The largest year-on-year change between 2013 and 2014 came from natural gas capacity additions, which rose by 7.7 GW in 2014, compared to a gain of 1.9 GW in 2013. Net wind installed capacity increased by 5 GW in 2014, driven in part by the renewal of the Federal Production Tax Credit. Net utility scale solar capacity additions, which had grown dramatically from 2011-2013, plateaued in 2014 at nearly 4 GW.
Electricity average spot prices rose across the country in 2014, primarily driven by high prices in the first quarter due to the “polar vortex” effect. Natural gas remained a major driver of electricity prices, with regional prices reflecting, in part, variations in natural gas prices, the report noted. The largest increases were in the PJM Interconnection region, where average on-peak day-ahead prices at the Western Hub rose 38% due to price spikes in the first quarter. Prices in the Pacific Northwest, where increased hydro generation kept prices down, were the lowest in the country.
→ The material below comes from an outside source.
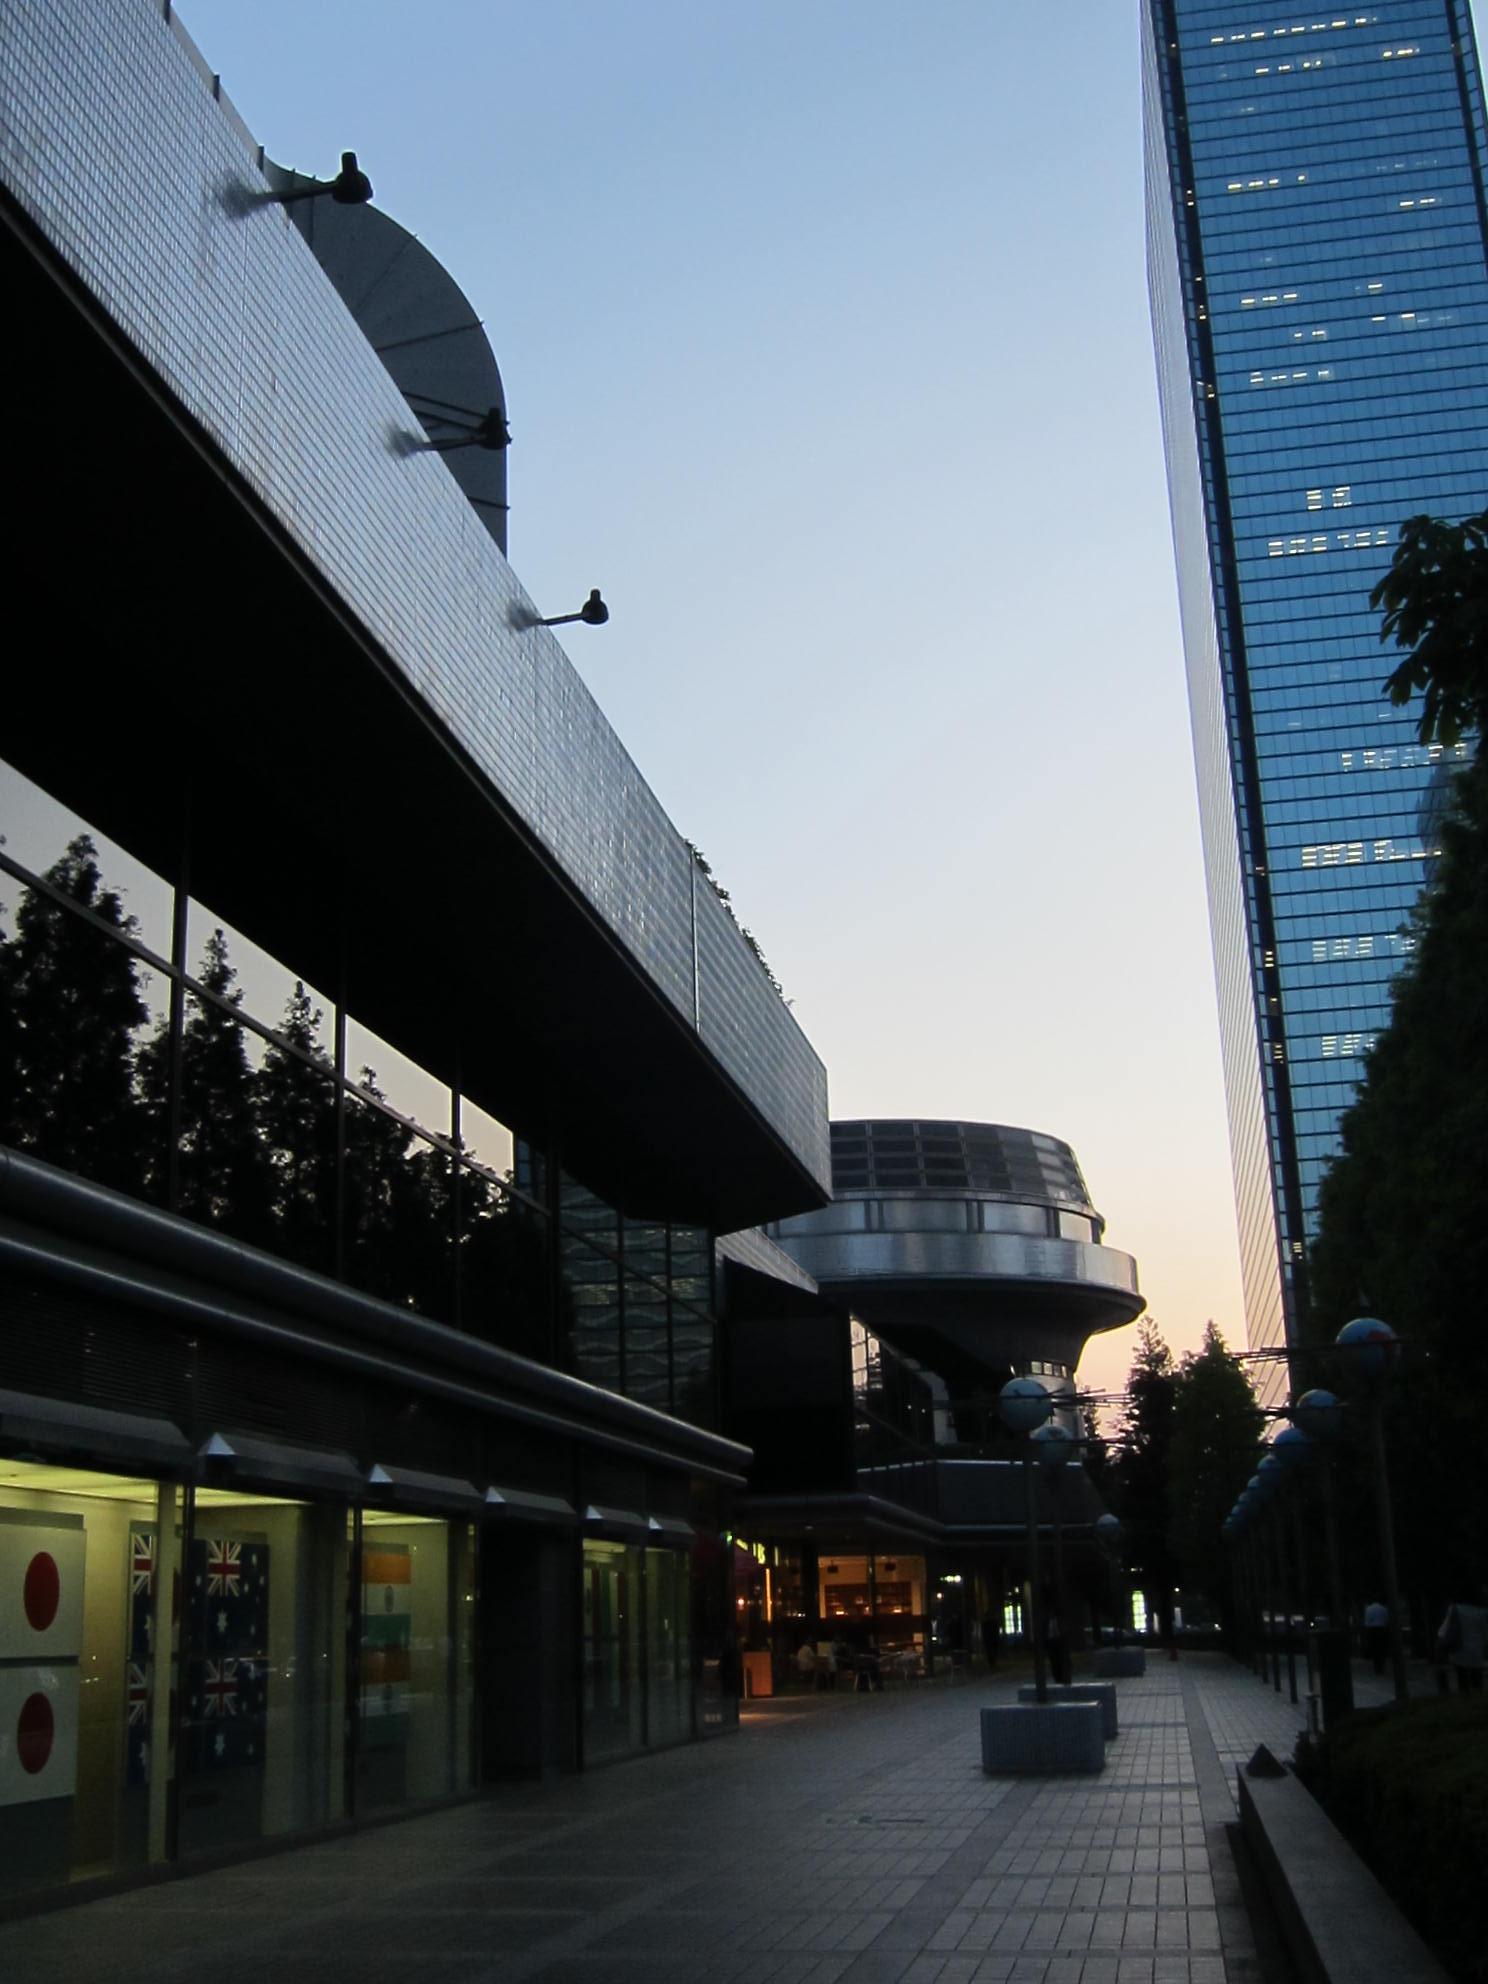 マクドナルド アイ・エム・ピービル店

The California ISO had some of the lowest price increases in the country with average on-peak day-ahead prices rising by 17%. Prices remained modest in the Southeast throughout the year, averaging $42/MWh at the “Into Southern” pricing point.
Nationally, electricity demand remained flat compared to 2013. Residential and commercial demand rose slightly driven in part by the extreme weather in the first quarter, while industrial demand declined. Energy efficiency measures and growth in behind-the-meter generation, such as rooftop solar, helped moderate the growth in electricity demand at utilities.
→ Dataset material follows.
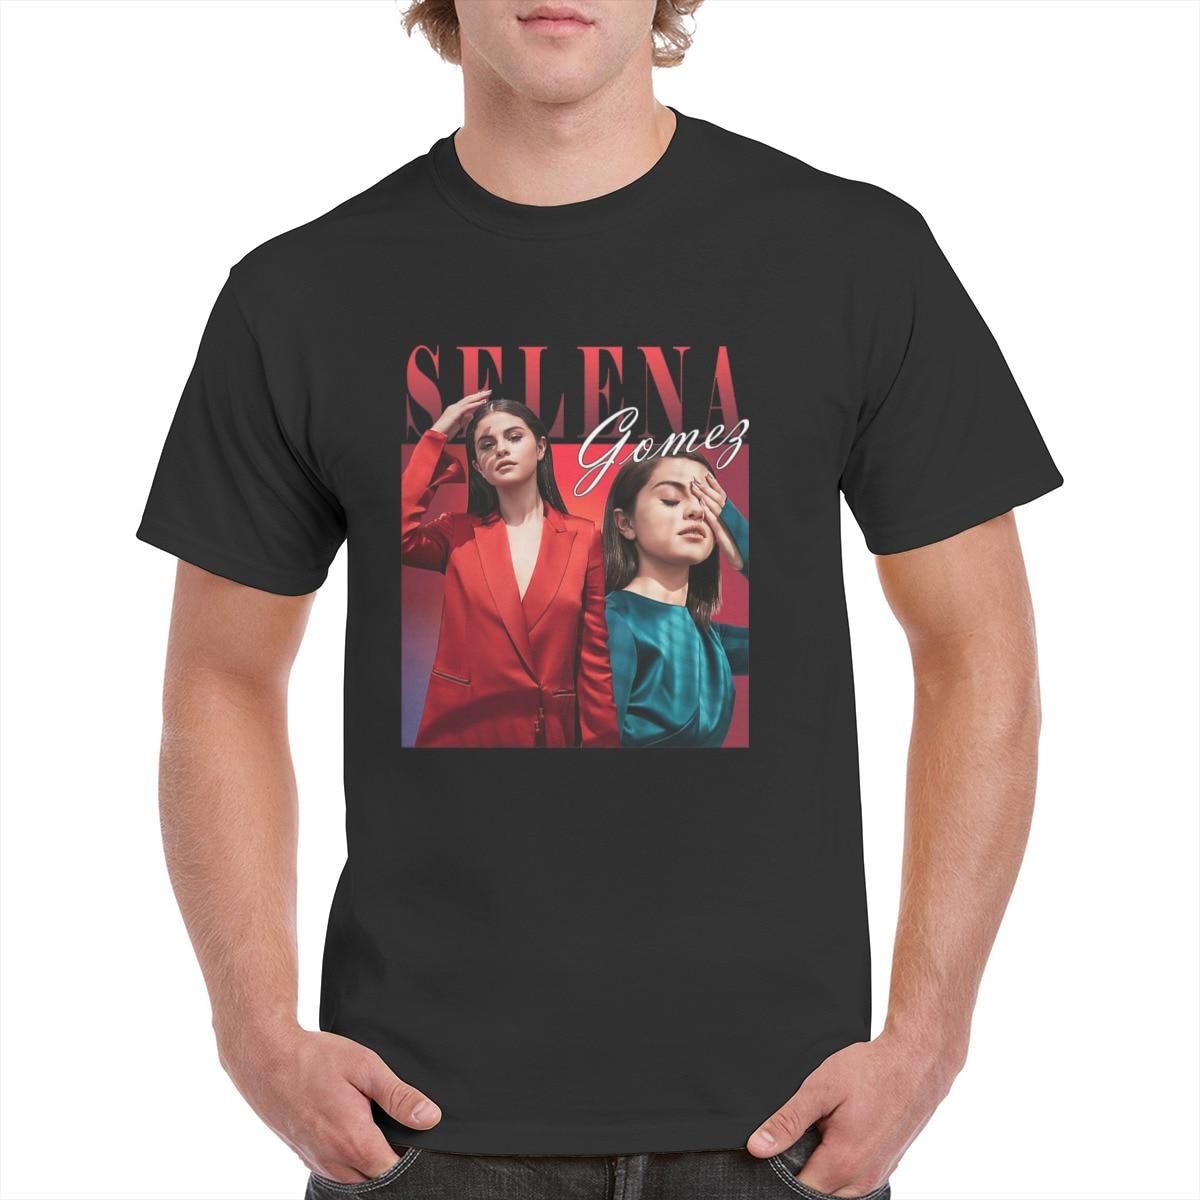 Selena Gomez – T-Shirt unisexe, rétro, tendance, populaire, graphique des années 90, pour femmes et hommes, 100%, couverture en coton

Compared to last winter, natural gas prices this winter have been lower and less volatile, notwithstanding the fact that natural gas demand in January and February 2015 was 2% higher than for the same period in 2014. Driving this increase was a 13% jump in gas used for power generation. Yet, despite higher demand, natural gas prices had fewer and smaller spikes than in 2014.
The Henry Hub spot price averaged $2.91/MMBtu for January and February 2015, down 44% from the same period in 2014. Prices at major hubs throughout the country were lower than last year. January and February prices in 2015 were below 2014 by an average of 41% in both Boston and New York City, 46% in Southern California, and 65% in Chicago. Several factors accounted for the lower prices and lower peaks, including increased production, new pipeline capacity moving supplies from producing to market areas, fewer and less widespread pipeline disruptions, and better gas-electric coordination.
In addition, imports into Northeast liquefied natural gas (LNG) terminals, including Cove Point in Maryland, and Everett and Northeast Gateway near Boston, averaged 94 Bcfd this winter, 45% above the 2013-2014 winter. Furthermore, this past winter the incidences of extreme cold weather came later in the season, when storage inventories were still robust and market participants were less concerned about having sufficient supplies to see them through spring, said the report.
FERC’s Office of Enforcement’s Division of Energy Market Oversight presented this 2014 State of the Markets Report at the commission’s March 19 meeting.